First, they took a step back to recognize the reality of their situation. This is the essential step in managing uncertainty. Recognizing your reality goes beyond assessing what you have and what you don’t. Managing uncertainty requires mapping the four biases that shape your perceptions:

– your HYPOTHESES: what you think you know about your envisioned future but have not yet experienced, or you have no tangible data to support;

– your ASSUMPTIONS: what you know to be true based on your experience, but what you don’t yet have evidence of in your present situation or envisioned future;

– your RISKS: constraints or elements are under your control and which present even the slightest possibility of causing partial or complete failure; and

– your DEPENDENCIES: constraints or elements which are *not* under your control and have even the slightest possibility of causing partial or complete failure.

Together, your Hypotheses, Assumptions, Risks and Dependencies, or the H.A.R.D. stuff, provide a clear and evidenced-based view of your uncertainties, through which you can then identify probabilities, severity levels, mitigation strategies and responsibilities. Uncertainty is no longer a threat; it is simply a situation to be managed.

The second part of succeeding in unpredictable times is maximizing execution. This is where gut-level decision-making falls apart.

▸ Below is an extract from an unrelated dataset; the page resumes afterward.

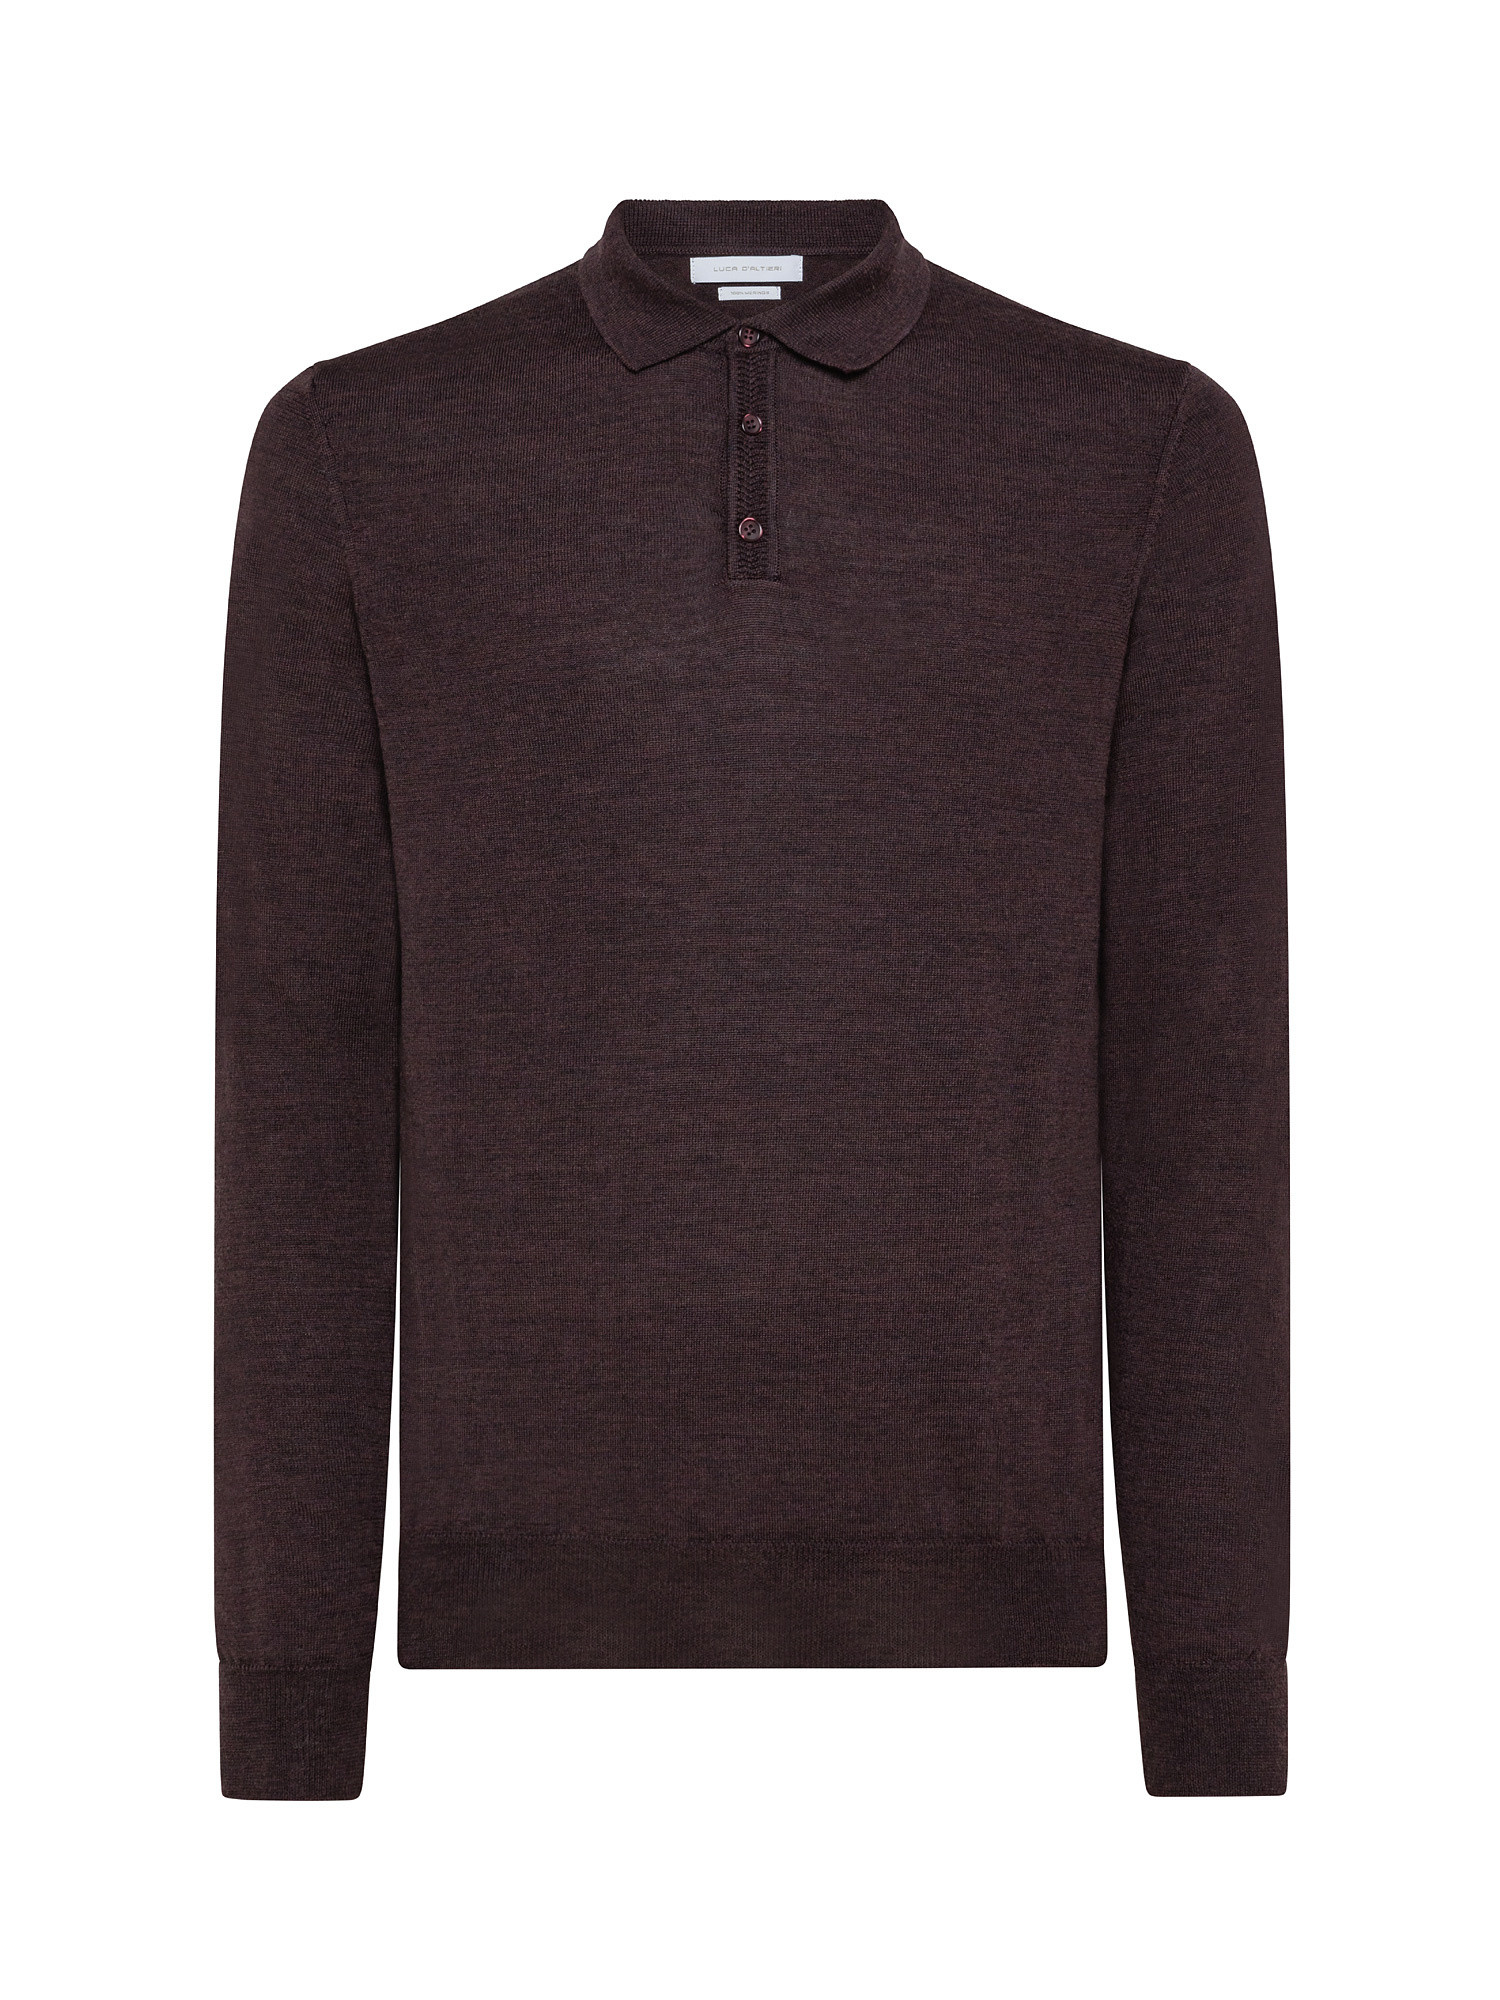 Merino wool polo shirt, Brown, large image number 0

Fulhaus had to let some people go, but instead of setting arbitrary numbers, such as cutting 15% of the workforce, they looked at which roles should serve with their new strategic direction. They also developed new capabilities and systems and, above all, established a new level of discipline.

They put into place detailed financial models to track their expected revenue and current use of funds. They established a disciplined, evidence-based marketing mindset which encouraged data-driven decisions based on metrics, doing lots of small experiments and looking for insights from the results, which they used to refine their next sprint of actions. 

Fulhaus was successful with its major pivot towards being a technology-driven company. By 2022, they recovered their losses and blew past their revenue forecasts while establishing a positive brand reputation across the US.

The storm is coming. If the 2010s were memorable as a period of predictable growth, the 2020s will be remarkable for its economic and social unpredictability. Founders who master managing uncertainty while maximizing execution will survive and thrive.